Katie, thank you for the sympathy. What an amazing story!
Darned monitors! Grrrrr.
And the bread maker… wow. At least it’s nice to know that there are places where people are trying to change the paradigm, even if there are limits on who can enjoy them.
Darling, my sympathies… I seem to remember that my friend in NYC picked a birthing center with midwives only, in Greenwich Village. It had all the groovy accessories you would want.
Sadly, however, she started to have complications during the birth (she was 36, it was her first) and the center did not or would not call an ambulance or even a taxi to get her to the hospital, where she needed to go to save the baby. Some kind of insurance issue. She then got out of the bed and walked, yes walked, about five blocks through Greenwich Village while in full labor, to get to St. Vincent’s where just about everybody else has their baby in lower Manhattan.
It’s a drag not to have the great environment – I was disappointed, too. And man I hated it that they wouldn’t let me walk around during labor with baby #1 – I was induced and they were worried about his amniotic fluid so they didn’t want me moving. I had to be in bed for something like 36 hours. Yes, I gave birth on my back – I was just glad it wasn’t a c-section, and grateful for the light-drip epidural because the final pushing didn’t hurt.
I do know how you feel…
Oh boy do I hate those monitors, too. One of my nurses, a temp, spent her whole shift on a chair, with her clipboard on her lap, facing the monitor. She just didn’t want to touch me at all except to check my dilation. I think I asked the doula to ask her to switch off of the computer screen, please.

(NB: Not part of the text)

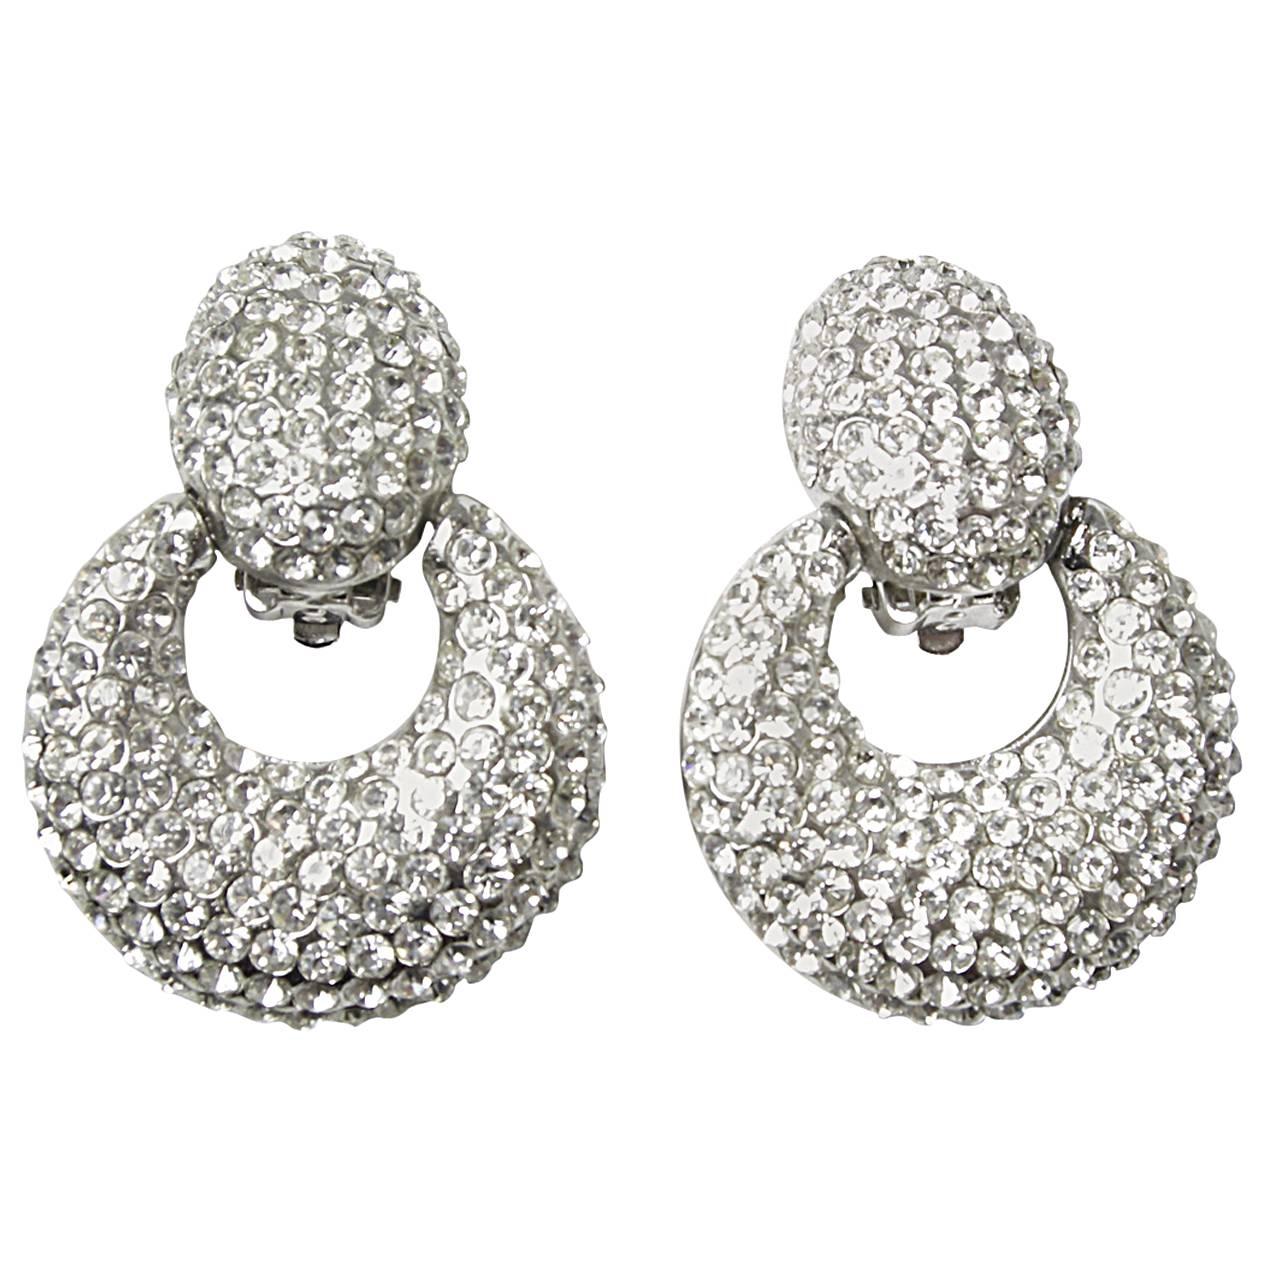 intage Sterling Silver Signed Jarin Couture Crystal Doorknocker Runway Earrings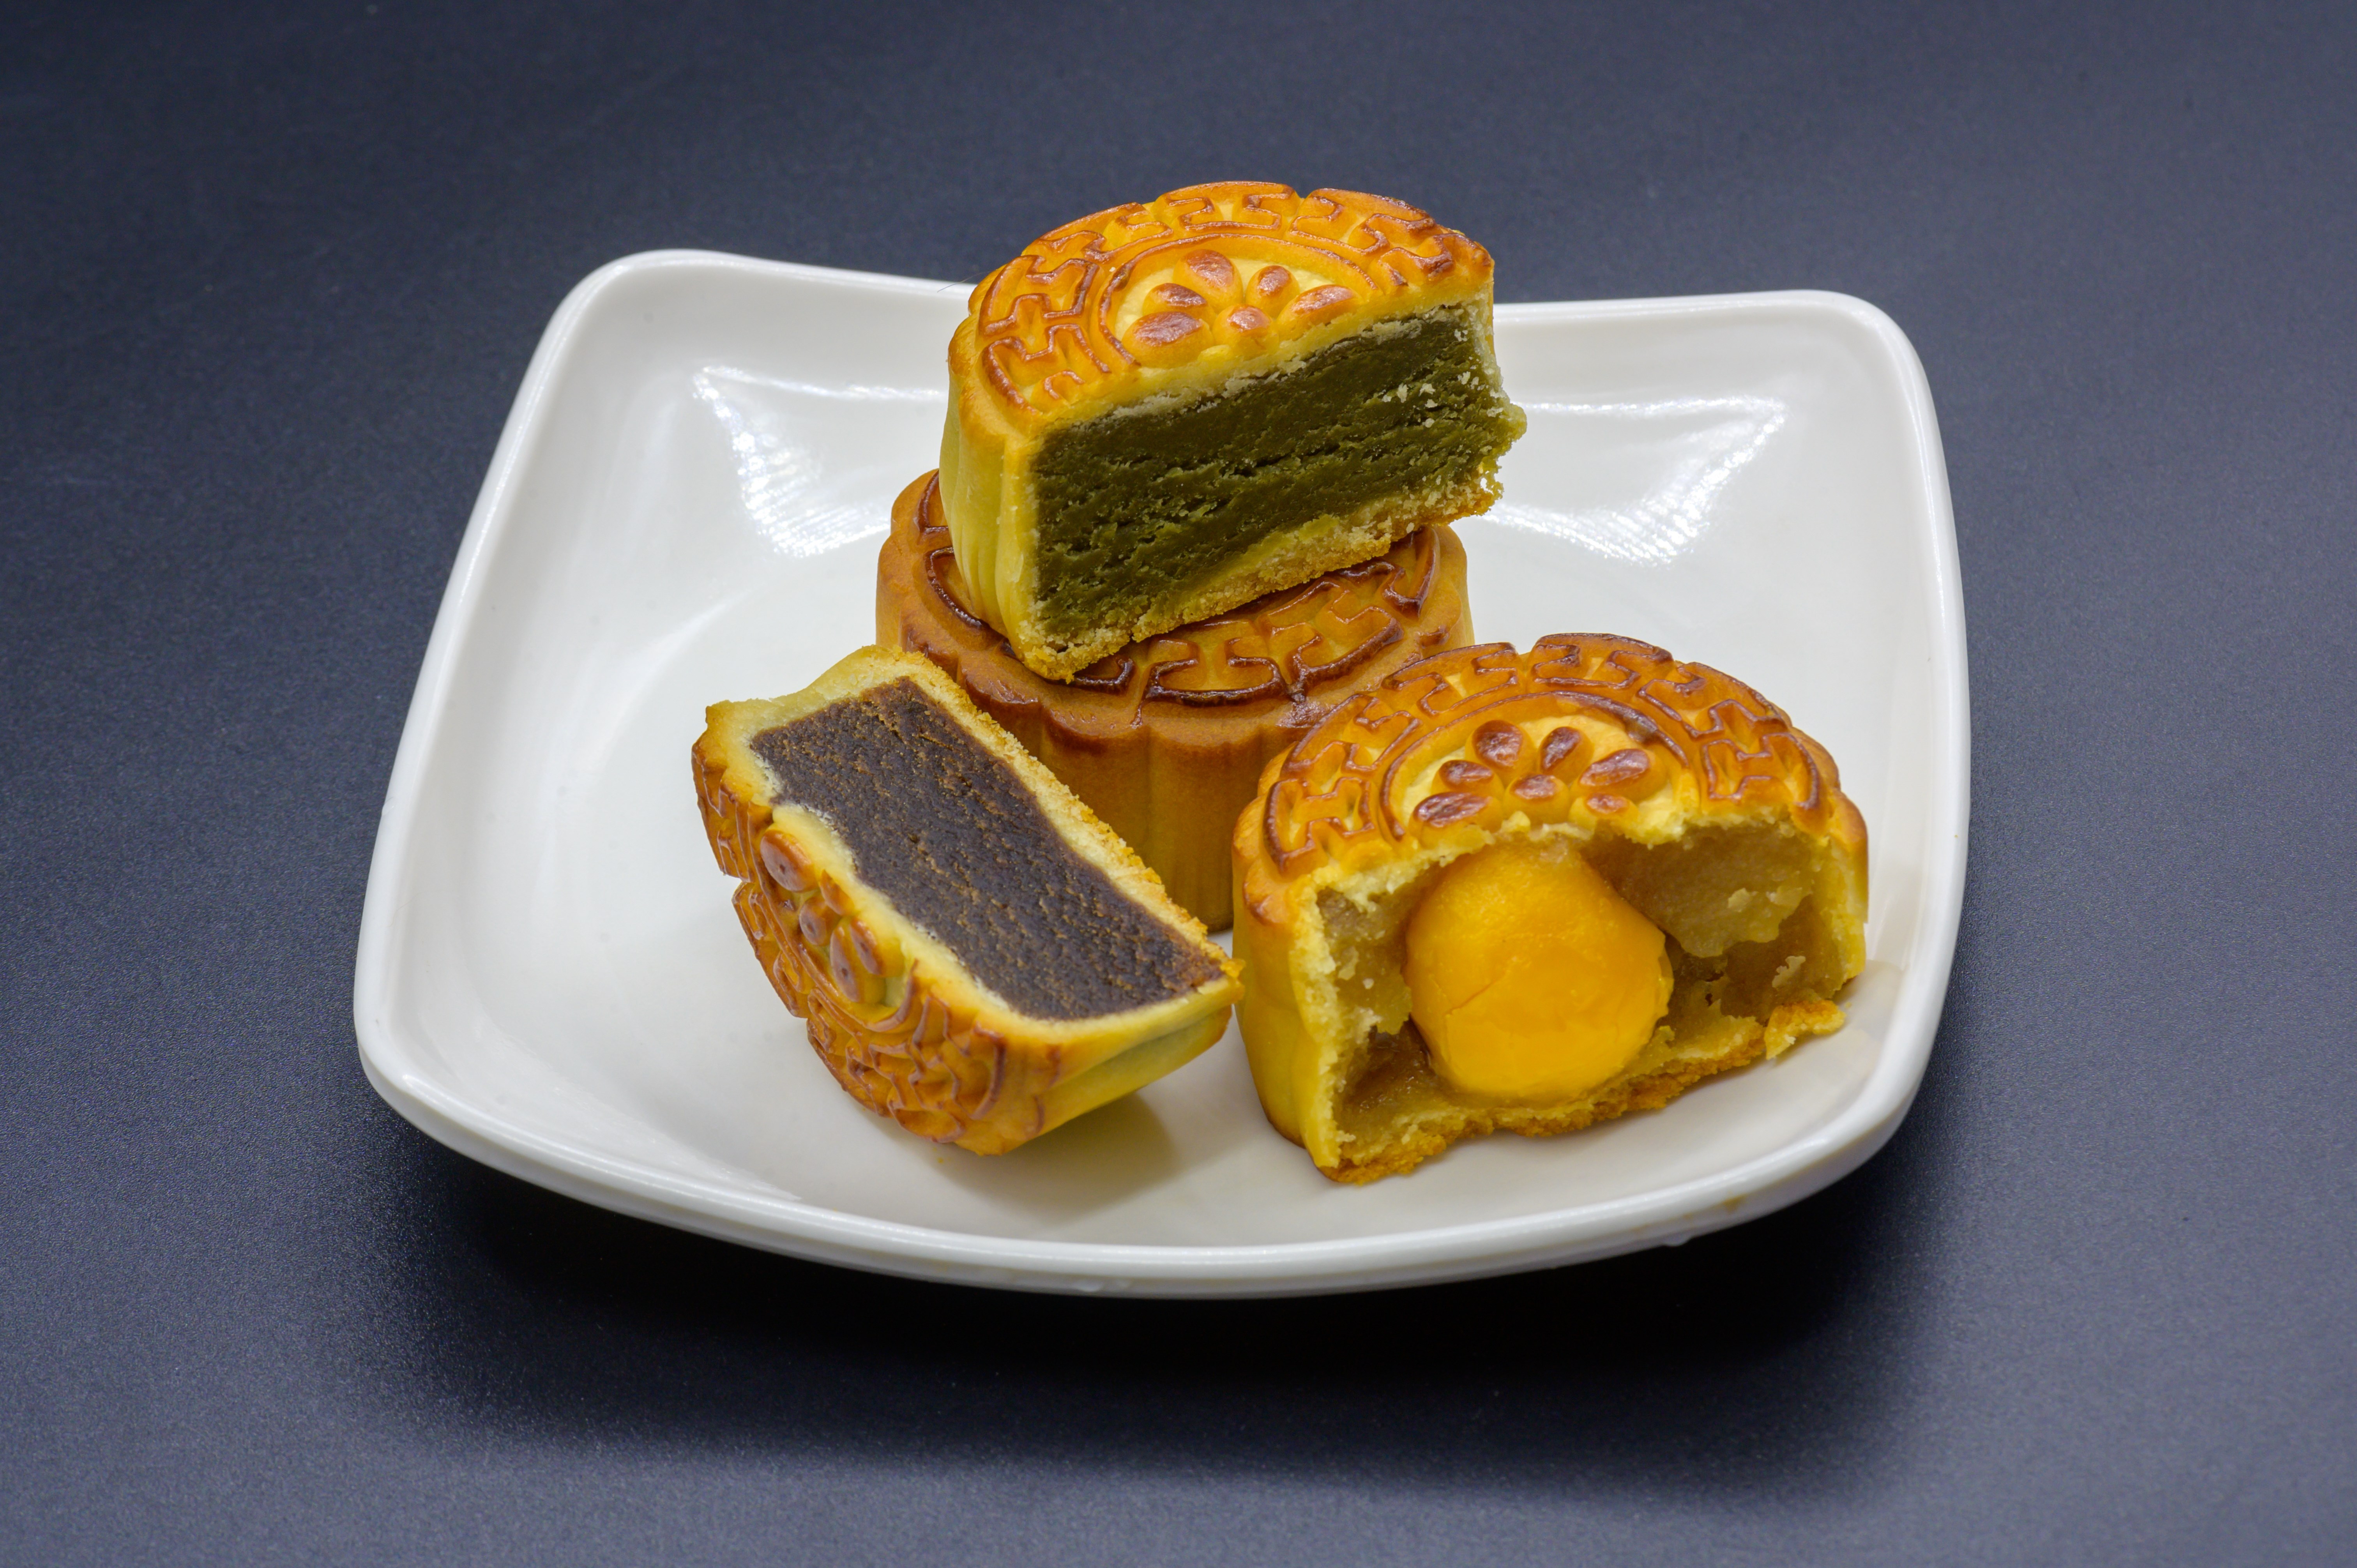 月饼 月团 小饼 丰收饼 团圆饼 甜的 面点 中式糕点 中式点心 中秋节

Here’s hoping that all your preparation and hoping will aid you well in this momentous journey. Whatever happens, you’ll get through it, and then you will have a baby to learn to care for! Woo hoo! (and you are going to take the baby care class, right? That was one I skipped for scheduling reasons and I ended up being so sorry – I needed some training, and it was overwhelming to have to learn about diapering and umbilicus care while recovering from labor and deprived of sleep.